# The task
Please output the listing that follows exactly, but keep all images out.

# Information supplied
↓↓↓
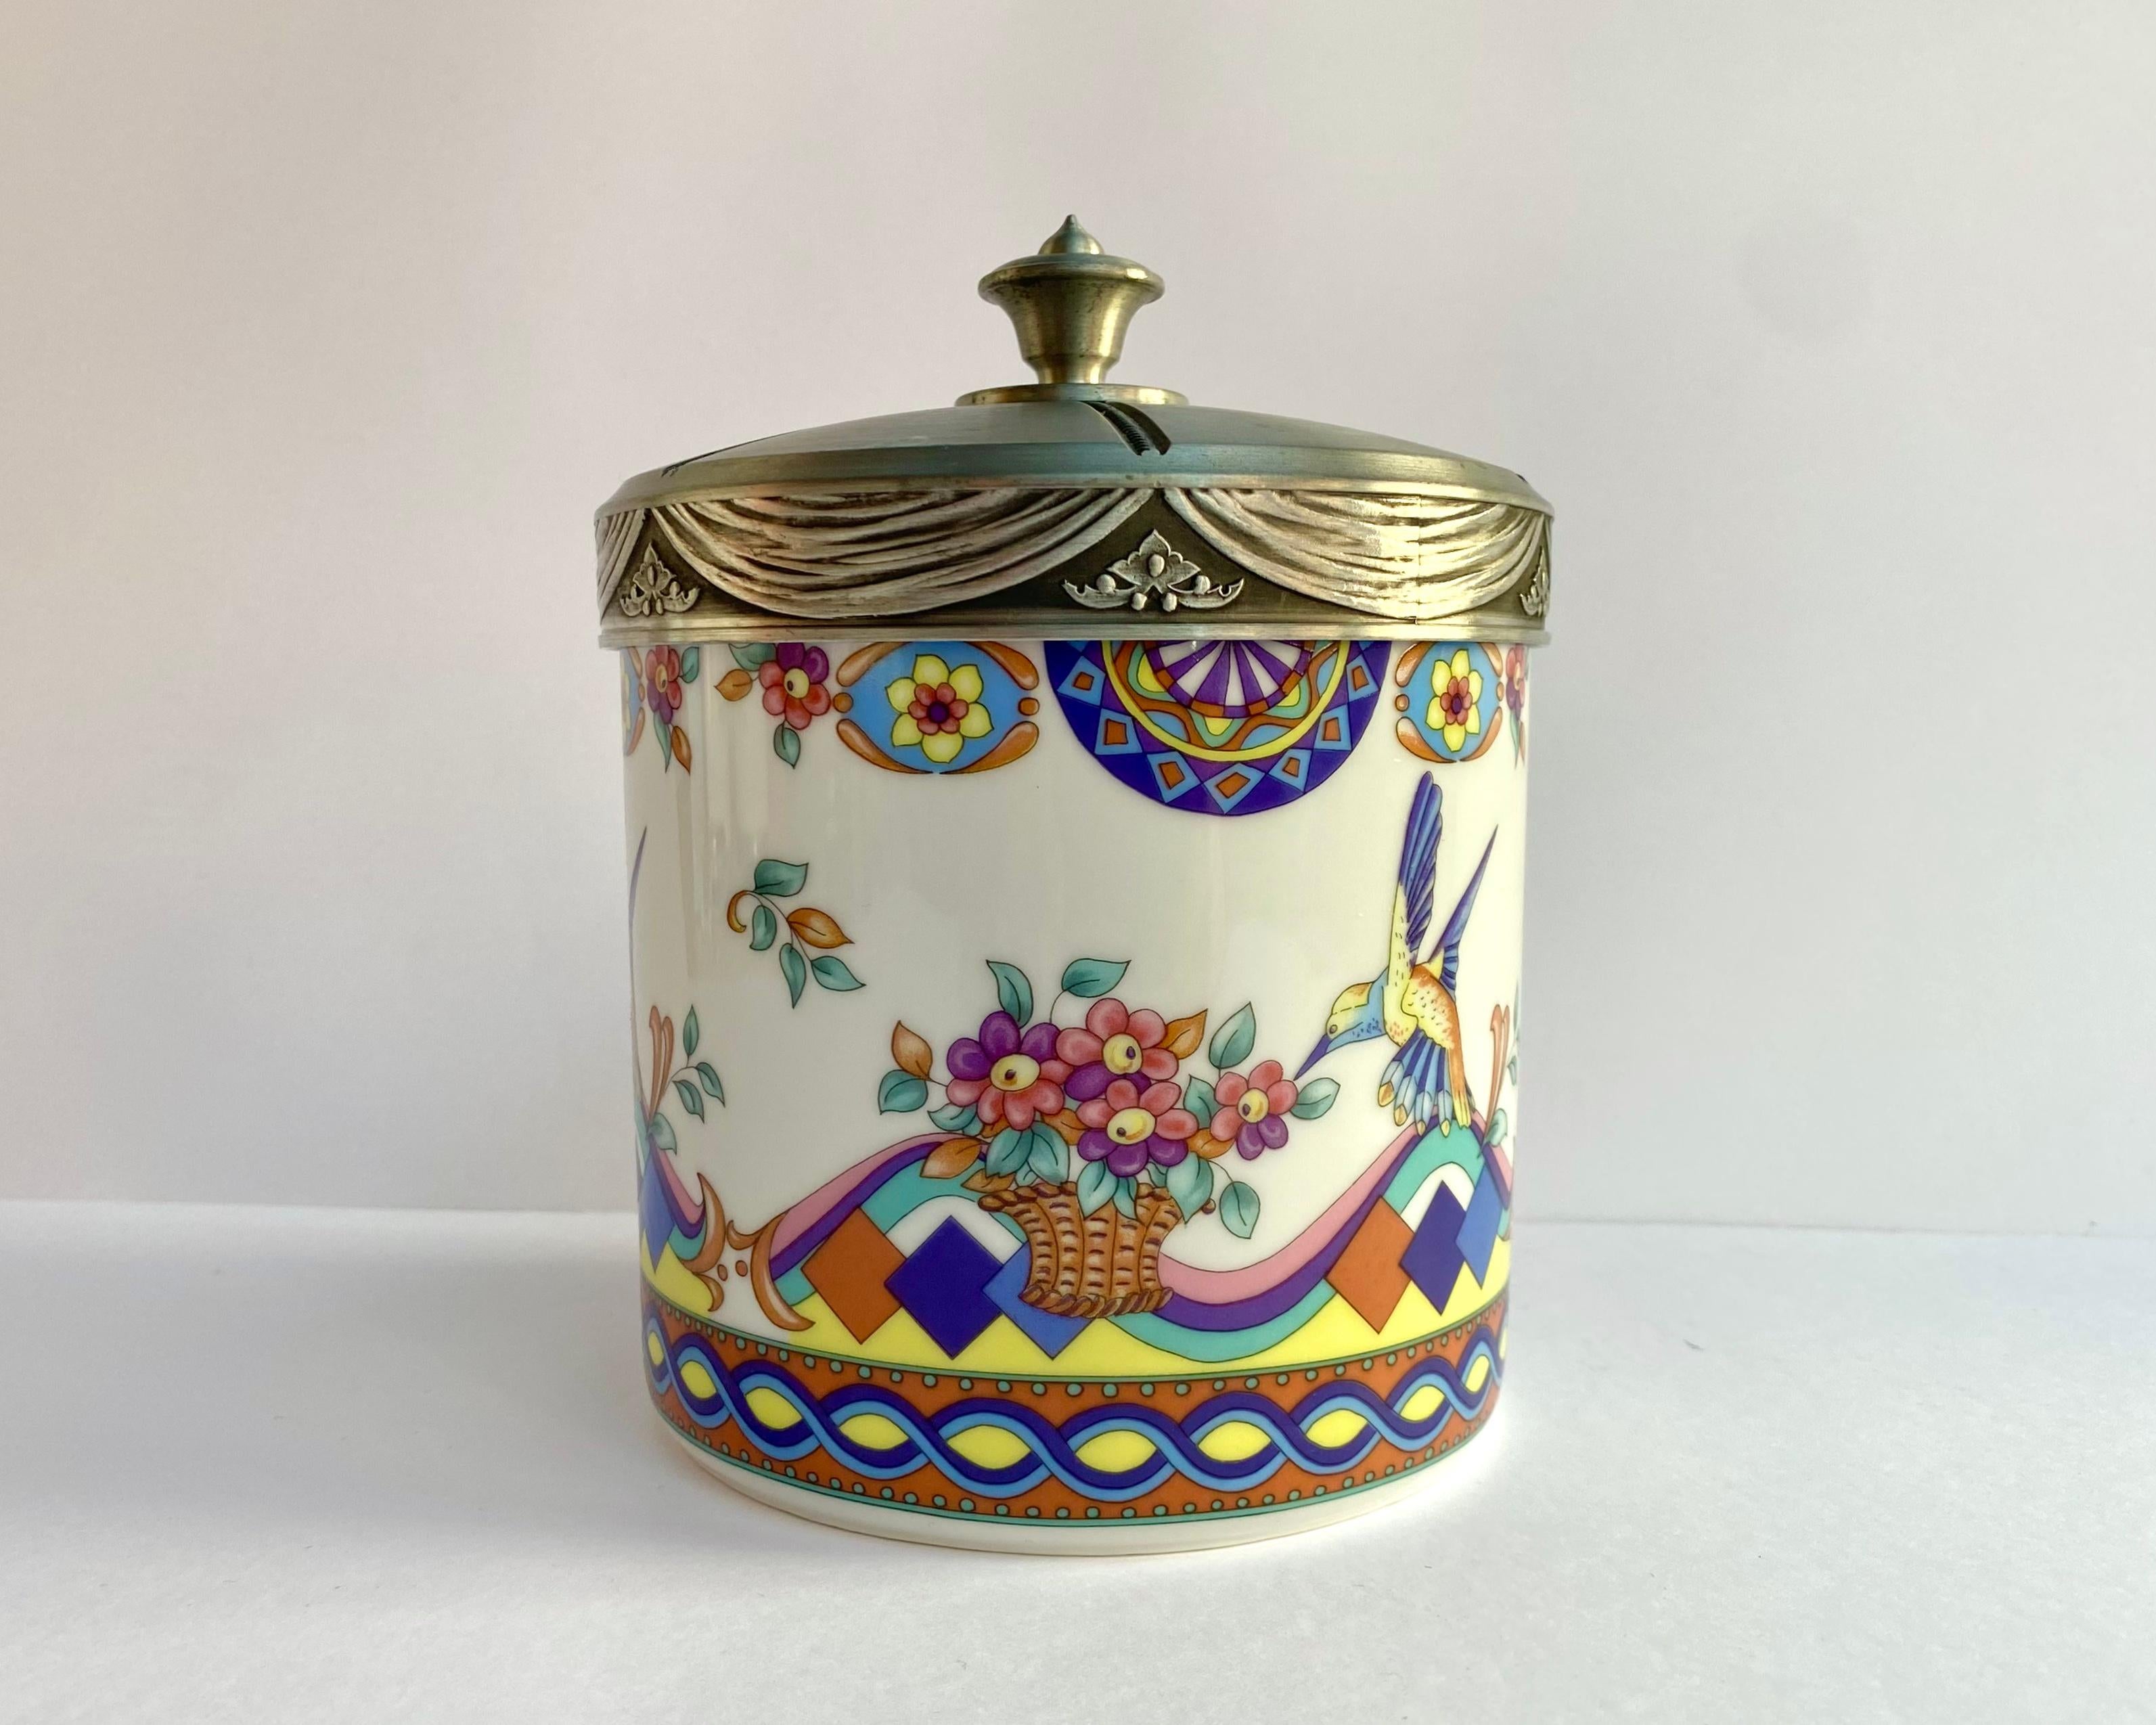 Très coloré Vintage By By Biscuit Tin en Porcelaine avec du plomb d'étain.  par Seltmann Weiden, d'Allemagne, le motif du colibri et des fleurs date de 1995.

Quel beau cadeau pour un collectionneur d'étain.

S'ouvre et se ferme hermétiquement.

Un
↑↑↑
# Task response
 Très coloré Vintage By By Biscuit Tin en Porcelaine avec du plomb d'étain.  par Seltmann Weiden, d'Allemagne, le motif du colibri et des fleurs date de 1995.

Quel beau cadeau pour un collectionneur d'étain.

S'ouvre et se ferme hermétiquement.

Un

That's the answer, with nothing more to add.